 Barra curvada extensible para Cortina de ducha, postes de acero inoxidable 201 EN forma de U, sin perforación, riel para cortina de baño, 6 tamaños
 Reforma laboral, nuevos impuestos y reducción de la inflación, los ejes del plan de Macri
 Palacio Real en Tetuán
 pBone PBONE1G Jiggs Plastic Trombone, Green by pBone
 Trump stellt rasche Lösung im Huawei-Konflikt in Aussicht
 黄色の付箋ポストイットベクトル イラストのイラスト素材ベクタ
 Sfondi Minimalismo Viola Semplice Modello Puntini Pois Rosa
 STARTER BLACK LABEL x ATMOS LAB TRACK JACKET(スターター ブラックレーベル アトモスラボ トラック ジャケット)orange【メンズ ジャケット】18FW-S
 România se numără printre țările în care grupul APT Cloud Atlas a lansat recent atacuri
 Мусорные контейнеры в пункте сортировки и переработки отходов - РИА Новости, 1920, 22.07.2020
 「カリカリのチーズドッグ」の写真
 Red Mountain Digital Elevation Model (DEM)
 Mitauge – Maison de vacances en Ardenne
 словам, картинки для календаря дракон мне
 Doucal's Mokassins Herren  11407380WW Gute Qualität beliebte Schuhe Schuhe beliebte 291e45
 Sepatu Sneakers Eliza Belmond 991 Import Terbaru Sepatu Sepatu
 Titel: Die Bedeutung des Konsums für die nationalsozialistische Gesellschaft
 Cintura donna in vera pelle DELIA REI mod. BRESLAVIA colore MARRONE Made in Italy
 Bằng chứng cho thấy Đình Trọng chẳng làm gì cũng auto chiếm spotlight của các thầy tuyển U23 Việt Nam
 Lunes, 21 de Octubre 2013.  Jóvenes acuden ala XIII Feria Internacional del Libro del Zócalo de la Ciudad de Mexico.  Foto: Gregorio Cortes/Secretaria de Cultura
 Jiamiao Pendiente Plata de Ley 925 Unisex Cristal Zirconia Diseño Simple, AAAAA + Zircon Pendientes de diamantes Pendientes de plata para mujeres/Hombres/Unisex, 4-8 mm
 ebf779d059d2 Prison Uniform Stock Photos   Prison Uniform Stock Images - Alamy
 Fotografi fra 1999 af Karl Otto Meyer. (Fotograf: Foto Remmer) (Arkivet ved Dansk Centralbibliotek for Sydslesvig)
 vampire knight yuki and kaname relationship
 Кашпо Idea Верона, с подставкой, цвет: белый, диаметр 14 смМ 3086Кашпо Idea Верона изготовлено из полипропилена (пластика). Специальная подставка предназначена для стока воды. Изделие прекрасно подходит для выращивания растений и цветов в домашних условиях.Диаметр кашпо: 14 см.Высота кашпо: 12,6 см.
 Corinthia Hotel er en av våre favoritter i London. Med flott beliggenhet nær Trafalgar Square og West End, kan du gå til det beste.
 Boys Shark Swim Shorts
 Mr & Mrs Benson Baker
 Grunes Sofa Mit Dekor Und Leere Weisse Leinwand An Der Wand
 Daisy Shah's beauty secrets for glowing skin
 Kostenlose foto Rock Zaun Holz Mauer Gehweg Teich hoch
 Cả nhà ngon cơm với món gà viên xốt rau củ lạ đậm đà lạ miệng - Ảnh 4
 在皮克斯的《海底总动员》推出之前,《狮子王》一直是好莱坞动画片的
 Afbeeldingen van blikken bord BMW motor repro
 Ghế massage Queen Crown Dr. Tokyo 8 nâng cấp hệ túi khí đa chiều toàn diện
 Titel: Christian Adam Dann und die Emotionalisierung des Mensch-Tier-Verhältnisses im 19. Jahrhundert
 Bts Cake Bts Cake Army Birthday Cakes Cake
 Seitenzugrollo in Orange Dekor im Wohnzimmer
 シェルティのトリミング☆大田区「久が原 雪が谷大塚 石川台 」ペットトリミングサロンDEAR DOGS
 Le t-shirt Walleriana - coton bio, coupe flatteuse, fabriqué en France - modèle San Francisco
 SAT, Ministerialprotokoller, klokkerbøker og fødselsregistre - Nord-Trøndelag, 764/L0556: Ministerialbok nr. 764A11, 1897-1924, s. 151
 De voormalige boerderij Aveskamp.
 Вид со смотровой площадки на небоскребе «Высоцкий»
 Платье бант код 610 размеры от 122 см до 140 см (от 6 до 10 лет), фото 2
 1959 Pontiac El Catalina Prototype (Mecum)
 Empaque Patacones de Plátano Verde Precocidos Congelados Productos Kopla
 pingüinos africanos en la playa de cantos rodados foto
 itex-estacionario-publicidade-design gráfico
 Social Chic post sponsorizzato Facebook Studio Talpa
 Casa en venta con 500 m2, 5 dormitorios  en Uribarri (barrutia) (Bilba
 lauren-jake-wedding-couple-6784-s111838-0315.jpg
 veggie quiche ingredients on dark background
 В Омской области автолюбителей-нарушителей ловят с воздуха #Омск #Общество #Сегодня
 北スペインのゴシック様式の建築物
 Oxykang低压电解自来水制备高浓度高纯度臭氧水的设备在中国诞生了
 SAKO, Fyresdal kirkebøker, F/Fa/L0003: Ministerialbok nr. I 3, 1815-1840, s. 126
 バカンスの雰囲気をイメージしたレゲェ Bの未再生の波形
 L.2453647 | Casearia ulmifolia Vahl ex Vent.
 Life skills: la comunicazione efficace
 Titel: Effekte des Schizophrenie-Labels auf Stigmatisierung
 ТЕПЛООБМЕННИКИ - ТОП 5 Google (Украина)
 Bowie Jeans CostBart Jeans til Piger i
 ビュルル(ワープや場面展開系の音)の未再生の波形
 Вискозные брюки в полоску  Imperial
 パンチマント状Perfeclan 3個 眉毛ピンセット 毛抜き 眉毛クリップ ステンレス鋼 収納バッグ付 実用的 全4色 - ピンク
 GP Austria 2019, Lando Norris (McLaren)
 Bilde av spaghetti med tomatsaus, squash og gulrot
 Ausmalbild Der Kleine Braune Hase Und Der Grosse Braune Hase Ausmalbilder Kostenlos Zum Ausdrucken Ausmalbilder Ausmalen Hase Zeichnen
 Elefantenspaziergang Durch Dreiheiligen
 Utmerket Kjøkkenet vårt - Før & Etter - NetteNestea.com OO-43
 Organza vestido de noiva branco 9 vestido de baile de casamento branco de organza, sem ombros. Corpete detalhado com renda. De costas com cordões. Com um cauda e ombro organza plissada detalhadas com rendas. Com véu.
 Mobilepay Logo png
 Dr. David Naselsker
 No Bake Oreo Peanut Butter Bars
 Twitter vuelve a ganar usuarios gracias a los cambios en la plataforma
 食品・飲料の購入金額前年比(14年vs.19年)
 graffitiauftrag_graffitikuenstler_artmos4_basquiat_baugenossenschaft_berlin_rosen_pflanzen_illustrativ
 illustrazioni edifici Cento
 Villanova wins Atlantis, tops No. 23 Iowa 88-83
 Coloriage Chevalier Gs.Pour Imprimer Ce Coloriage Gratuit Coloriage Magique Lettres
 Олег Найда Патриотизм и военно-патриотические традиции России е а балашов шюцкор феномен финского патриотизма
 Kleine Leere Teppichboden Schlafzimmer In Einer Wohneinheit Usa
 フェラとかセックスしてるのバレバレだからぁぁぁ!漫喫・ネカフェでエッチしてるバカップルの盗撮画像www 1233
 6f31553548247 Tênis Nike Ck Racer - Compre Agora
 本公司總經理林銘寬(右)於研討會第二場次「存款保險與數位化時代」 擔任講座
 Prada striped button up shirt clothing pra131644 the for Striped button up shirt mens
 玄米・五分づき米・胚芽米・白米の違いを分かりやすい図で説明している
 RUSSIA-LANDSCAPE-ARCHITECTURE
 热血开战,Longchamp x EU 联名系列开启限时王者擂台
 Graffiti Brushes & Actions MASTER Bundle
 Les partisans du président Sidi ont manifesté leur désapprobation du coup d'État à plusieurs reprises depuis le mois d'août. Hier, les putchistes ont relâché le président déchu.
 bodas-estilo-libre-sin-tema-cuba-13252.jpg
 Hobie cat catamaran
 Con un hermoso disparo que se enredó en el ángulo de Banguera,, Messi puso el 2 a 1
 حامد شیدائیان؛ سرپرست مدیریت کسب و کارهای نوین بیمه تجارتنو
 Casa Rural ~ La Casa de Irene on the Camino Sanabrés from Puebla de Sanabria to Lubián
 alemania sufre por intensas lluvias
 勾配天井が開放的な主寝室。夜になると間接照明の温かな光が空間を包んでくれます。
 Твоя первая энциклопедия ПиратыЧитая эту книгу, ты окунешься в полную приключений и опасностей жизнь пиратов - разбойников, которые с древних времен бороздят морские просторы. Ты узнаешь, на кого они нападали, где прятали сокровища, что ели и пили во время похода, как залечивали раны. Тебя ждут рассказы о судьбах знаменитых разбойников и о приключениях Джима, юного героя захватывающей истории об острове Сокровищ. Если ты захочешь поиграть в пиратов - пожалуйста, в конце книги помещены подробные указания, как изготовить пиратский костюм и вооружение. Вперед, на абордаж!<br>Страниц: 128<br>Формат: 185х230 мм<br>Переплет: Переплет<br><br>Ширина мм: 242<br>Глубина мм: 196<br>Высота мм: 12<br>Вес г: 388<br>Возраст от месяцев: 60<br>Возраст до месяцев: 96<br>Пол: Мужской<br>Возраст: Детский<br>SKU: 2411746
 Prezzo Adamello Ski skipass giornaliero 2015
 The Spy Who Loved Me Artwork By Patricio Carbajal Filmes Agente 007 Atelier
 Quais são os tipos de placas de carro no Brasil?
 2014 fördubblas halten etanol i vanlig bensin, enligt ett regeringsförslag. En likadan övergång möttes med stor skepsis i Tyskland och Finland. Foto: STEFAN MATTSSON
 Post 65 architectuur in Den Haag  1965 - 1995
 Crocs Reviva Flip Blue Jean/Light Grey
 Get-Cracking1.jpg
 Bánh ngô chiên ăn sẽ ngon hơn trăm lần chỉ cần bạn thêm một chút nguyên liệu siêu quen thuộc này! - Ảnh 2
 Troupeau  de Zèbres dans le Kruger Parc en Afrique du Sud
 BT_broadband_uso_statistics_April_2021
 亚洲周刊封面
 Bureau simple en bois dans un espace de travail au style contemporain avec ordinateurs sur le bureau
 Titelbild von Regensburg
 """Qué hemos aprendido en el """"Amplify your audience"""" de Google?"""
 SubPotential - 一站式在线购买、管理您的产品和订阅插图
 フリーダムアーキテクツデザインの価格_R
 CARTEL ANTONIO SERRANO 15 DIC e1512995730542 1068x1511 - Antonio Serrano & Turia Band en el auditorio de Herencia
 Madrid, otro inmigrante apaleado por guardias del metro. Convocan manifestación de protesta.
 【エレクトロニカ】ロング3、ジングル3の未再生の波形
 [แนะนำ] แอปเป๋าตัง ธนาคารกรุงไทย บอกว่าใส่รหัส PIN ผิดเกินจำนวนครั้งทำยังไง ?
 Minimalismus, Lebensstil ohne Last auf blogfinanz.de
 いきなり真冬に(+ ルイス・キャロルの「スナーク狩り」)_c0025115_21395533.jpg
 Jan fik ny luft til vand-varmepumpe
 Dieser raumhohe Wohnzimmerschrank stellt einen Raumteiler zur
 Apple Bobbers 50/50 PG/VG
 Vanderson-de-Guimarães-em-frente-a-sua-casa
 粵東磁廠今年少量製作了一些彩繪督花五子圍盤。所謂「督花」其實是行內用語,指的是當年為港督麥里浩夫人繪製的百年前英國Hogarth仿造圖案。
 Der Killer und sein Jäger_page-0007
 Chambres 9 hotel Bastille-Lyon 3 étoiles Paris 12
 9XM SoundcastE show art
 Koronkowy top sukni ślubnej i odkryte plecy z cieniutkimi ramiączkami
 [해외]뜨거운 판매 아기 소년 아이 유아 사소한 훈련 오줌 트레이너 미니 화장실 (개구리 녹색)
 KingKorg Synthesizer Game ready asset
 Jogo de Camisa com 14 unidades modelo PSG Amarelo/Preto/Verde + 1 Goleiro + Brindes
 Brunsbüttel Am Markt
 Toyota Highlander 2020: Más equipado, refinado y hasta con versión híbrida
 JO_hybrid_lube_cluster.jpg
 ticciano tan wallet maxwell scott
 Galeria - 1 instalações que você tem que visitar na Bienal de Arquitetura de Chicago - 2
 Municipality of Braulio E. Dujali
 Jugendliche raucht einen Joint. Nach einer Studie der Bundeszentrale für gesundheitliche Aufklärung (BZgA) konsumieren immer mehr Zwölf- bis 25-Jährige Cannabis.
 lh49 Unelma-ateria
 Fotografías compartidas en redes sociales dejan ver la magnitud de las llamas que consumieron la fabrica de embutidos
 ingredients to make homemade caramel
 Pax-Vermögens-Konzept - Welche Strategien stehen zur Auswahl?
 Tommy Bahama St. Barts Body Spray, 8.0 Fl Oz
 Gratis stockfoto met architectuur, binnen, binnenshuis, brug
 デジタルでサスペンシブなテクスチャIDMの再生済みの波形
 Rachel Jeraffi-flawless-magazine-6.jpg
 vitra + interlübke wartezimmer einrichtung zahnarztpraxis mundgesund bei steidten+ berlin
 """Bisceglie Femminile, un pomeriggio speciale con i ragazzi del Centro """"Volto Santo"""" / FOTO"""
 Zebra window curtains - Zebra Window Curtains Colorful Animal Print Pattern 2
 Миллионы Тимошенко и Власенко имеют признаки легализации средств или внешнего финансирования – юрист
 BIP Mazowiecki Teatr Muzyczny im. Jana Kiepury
------------------------
- TASK
Copy verbatim, from the listing above, each line from the one containing "حامد شیدائیان؛ سرپرست" down to the one containing "勾配天井が開放的な主寝室。夜になると間接照明の温かな光が空間を包んでくれます。", inclusive.

- RESULT FOR THIS EXERCISE
 حامد شیدائیان؛ سرپرست مدیریت کسب و کارهای نوین بیمه تجارتنو
 Casa Rural ~ La Casa de Irene on the Camino Sanabrés from Puebla de Sanabria to Lubián
 alemania sufre por intensas lluvias
 勾配天井が開放的な主寝室。夜になると間接照明の温かな光が空間を包んでくれます。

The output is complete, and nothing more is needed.